The rustling noise was moving around. They followed its progress through another part of the cavern as it came parallel to their position, then moved on ahead. Intervening formations played tricks with echoes as sounds bounced off soda straws and draperies and flowstone. Something moving far away could sound quite near, while a cautious stalker could use stone and water to muffle the noise of its approach.

It was ahead of them now and closer, a rough mewing. Flinx whispered to his companion.

“Recognize it?” She shook her head tensely “Well, I’m not standing around until our light goes out.” Taking a determined step forward, he passed beyond a sheet of rippling travertine and came face-to-face with a mouth.

It was a round, impressive mouth. Apparently, round jaws were common on Longtunnel. This one was lined with three concentric rings of inward-pointing, serrated teeth. As he gaped at it, the rubbery lip ring flexed and his nostrils were filled with the smell of decaying matter. The jaw did not so much close as iris-shut. If someone’s head happened to be inside during the process, he thought wildly, it would be snipped off at the neck as cleanly as if by a surgical cutter.

The mouth was the face, and the face was the mouth. Any vestigial eyes were hidden beneath the pure white, long, silken fur against which the black lip lining the mouth stood out starkly. Atop the massive skull, a fan-shaped single ear flexed freely. Flinx wondered if it had evolved that way or if two ears had eventually grown together to form one.

He did not wonder about it long as he threw himself sharply to one side. The irising mouth opened with astonishing speed and snapped at him, the short neck extending slightly. Teeth clashed as the snout-jaw was sucked shut.

Clarity screamed as the monster lunged in her direction, advancing on four heavy legs. Flinx glimpsed the nostrils set just behind the top of the mouth.
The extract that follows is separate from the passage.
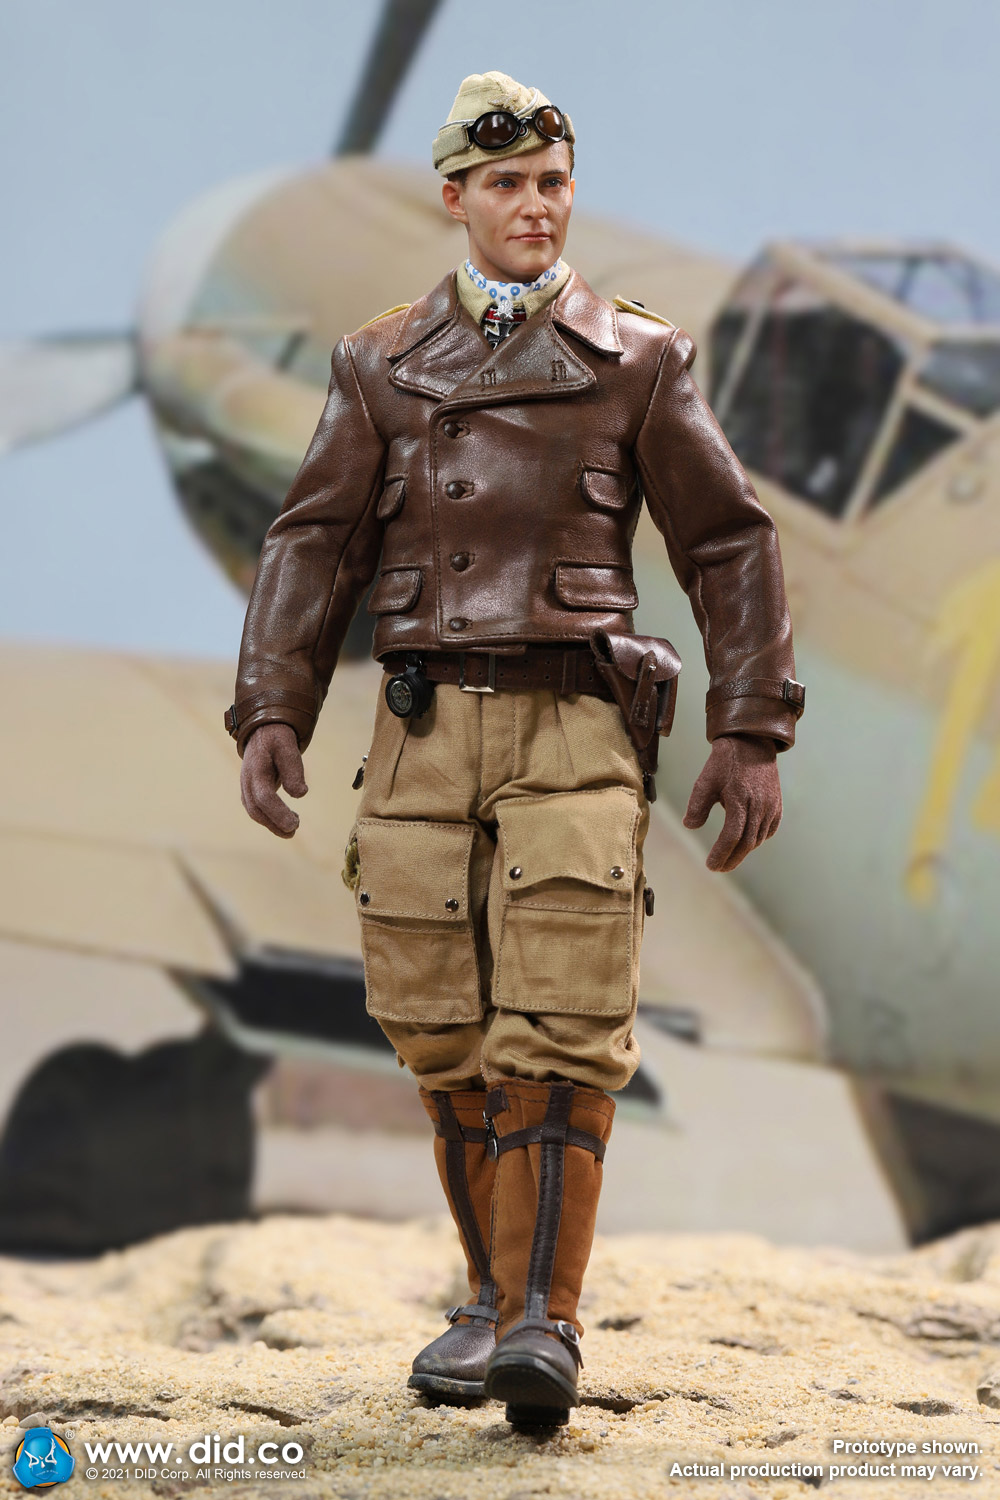 did - NEW PRODUCT: D80154 WWII German Luftwaffe Flying Ace “Star Of Africa” – Hans-Joachim Marseille & E60060  Diorama Of “Star Of Africa” 13345

Jaws, nose, and ear were all set in line, like a multiple sight on a gun, all positioned for maximum hunting ability.

Then he could not see Clarity anymore because her tube went out. Frantically, he tried to set his own safely aside and aim the needler.

Pip and Scrap had both flown into action, but the flying snakes were confused by the sight of a creature with no eyes. While they puzzled over what to attack in the absence of their natural target, the monster was trying to decide which of two potential prey to strike at next. Clarity was moaning and trying to keep a large stalagmite between herself and that singular mouth.